Effect of r‐irisin on high glucose (HG) induced EndMT in vivo and in vitro. (A) Double immunofluorescence staining of antibodies to CD31 (Red) with antibodies to α‐SMA (green) in coronary arterioles of all groups mouse. Colocalization of CD31 with α‐SMA expression in coronary arterioles is shown in yellow. DAPI (Blue) was used to stain nucleus. Scale bars = 30 μm. (B) Morphological change in HUVECs after HG exposure with or without r‐irisin treatment, which results in a fibroblast‐like spindle‐shaped form (scale bar: 100 μm). (C) Double immunofluorescence staining with antibodies against α‐SMA (green) and VE‐cadherin (red) (scale bar: 40 μm). (D) Double immunofluorescence staining with antibodies against CD31 (green) and S100A4/FSP‐1 (red) (scale bar: 40 μm). Nuclei were counterstained with DAPI (blue in A, C and D). E‐K: Western blotting analysis (E) and quantification of the protein expression of S100A4/FSP‐1(F), α‐SMA(G), vimentin(H), CD31(I), VE‐cadherin(J) and collagen I(K). NG (normal glucose): 5 mmol/l glucose. HG: 33 mmol/l glucose. HG+Irisin (2 nmol/l): 33 mmol/l glucose + 2 nmol/l r‐irisin. HG+Irisin (20 nmol/l): 33 mmol/l glucose + 20 nmol/l r‐irisin. HG+Irisin (40 nmol/l): 33 mmol/l glucose + 40 nmol/l r‐irisin. Results are shown as means ± S.D.; *P < 0.05.
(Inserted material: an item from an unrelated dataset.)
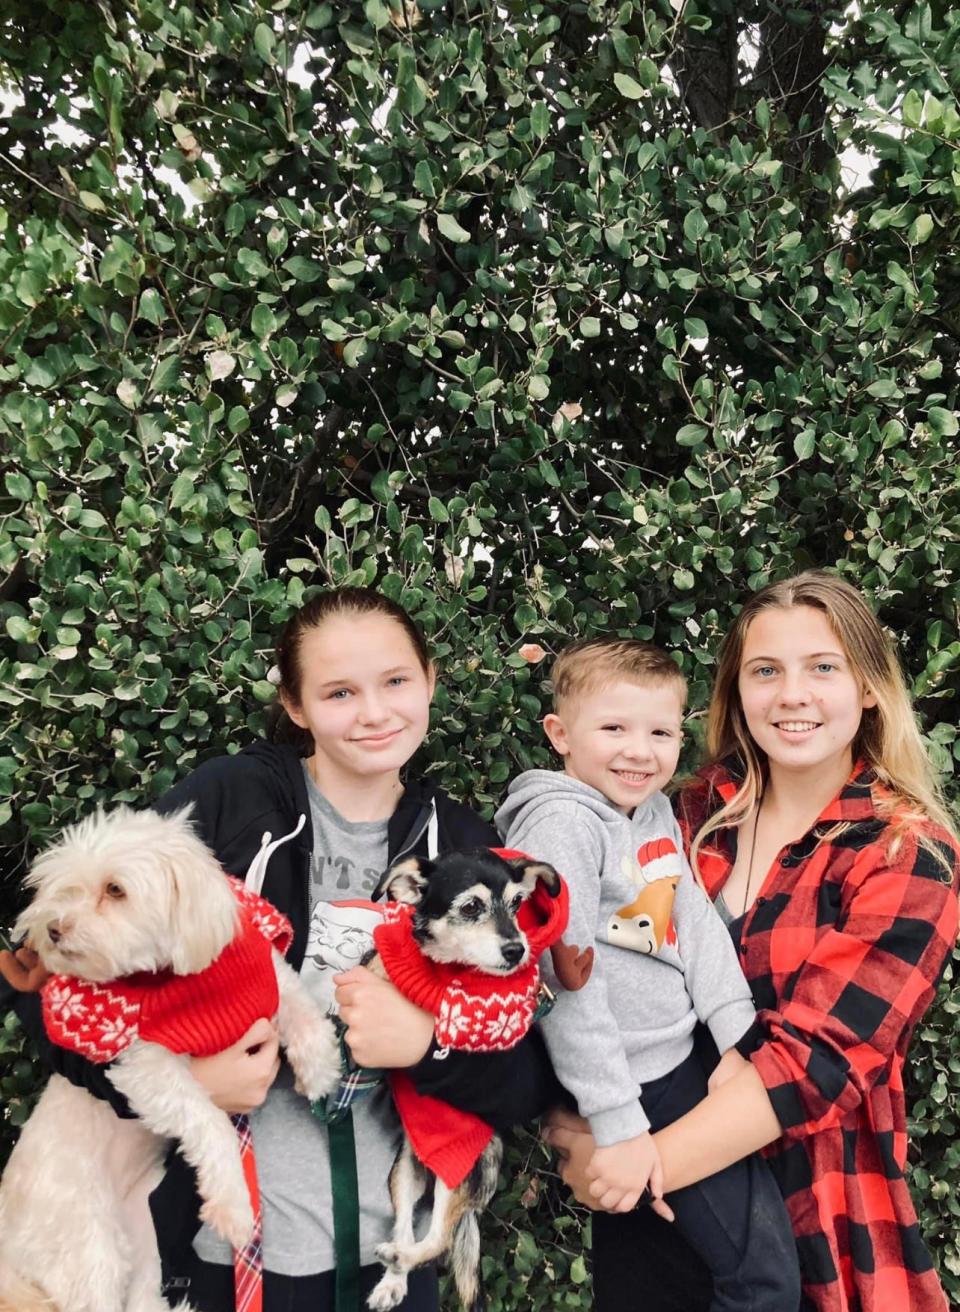 The Schmidt children, Ava, 15, Andrew “Carl," 6, and Alexis, 19, of Camarillo have moved with their parents and grandfather twice in the last year. Mom Heather Schmidt says they can afford to rent but rising costs are keeping the family from buying.

Effect of r‐irisin on CF proliferation, migration, and collagen secretion
We examined how r‐irisin affects CF proliferation using the EDU assay; here, CFs were incubated with r‐irisin at various doses with or without HG exposure for 48 hrs. HG exposure promoted CF proliferation relative to control, and treatment with high dose of r‐irisin significantly enhanced the proliferation‐promoting effect of HG on CFs (Fig. 6A and B). To determine whether this effect of r‐irisin on cell growth was mediated by cell cycle arrest, we used flow cytometry to analyse the CF cell cycle distribution (Fig. 6C and D): HG‐induced CF proliferation by more strongly promoting, relative to NG, the G1‐to‐S‐phase transition of cells, and under both NG and HG exposure, 48‐hrs irisin treatment (40 nmol/l) led to a reduction in the proportion of cells at G1 and an increase at G2 and S phases. The specific proportions of CFs at G1 were 88.53%, 89.74%, 80.21%, 72.33%, 75.5% and 62.00% in the groups NG, NG+Irisin (20 nmol/l), NG+Irisin (40 nmol/l), HG, HG+Irisin (20 nmol/l) and HG+Irisin (40 nmol/l), respectively; moreover, the fraction of cells at G2 was increased to 10.00% and 16.67% in NG+Irisin (40 nmol/l) and HG+Irisin (40 nmol/l) groups from 4.00% and 11.00% in the NG and HG controls, respectively (Fig. 6C and D). The results of Transwell assays showed that high‐dose but not low‐dose r‐irisin treatment caused an increase in both NG‐ and HG‐induced CF migration (Fig. 6E and F), and Western blotting analysis revealed that high‐dose r‐irisin treatment caused increased collagen secretion by CFs as compared with the secretion level after low‐dose r‐irisin treatment, in which case the level was not markedly different from control (Fig. 6G).
Figure 6
Effect of r‐irisin on cardiac fibroblast (CF) proliferation and migration. (A) EDU assay of HG/r‐irisin induced CF proliferation (scale bar: 40 μm). (B) Percentages of EDU‐positive cells. (C) Flow cytometry performed with propidium iodide (PI) staining to analyse CF proliferation. (D) Analysis of cell cycle distribution. (E) CFs were cultured in Transwells (pore size, 8 μm) for 12 hrs, and then, the CFs on the external surface of the Transwells were stained with crystal violet and photographed under a microscope. (F) Quantification of CF chemotaxis and migration towards HG/r‐irisin. (G) Western blotting analysis of the expression of collagens I and III in cells treated with different doses of irisin. NG: 5 mmol/l glucose. NG+Irisin (20 nmol/l): 5 mmol/l glucose + 20 nmol/l r‐irisin. NG+Irisin (40 nmol/l): 5 mmol/l glucose + 40 nmol/l r‐irisin. HG: 33 mmol/l glucose. HG+Irisin (20 nmol/l): 33 mmol/l glucose + 20 nmol/l r‐irisin. HG+Irisin (40 nmol/l): 33 mmol/l glucose + 40 nmol/l r‐irisin. Results are shown as means ± S.D.; *P < 0.05.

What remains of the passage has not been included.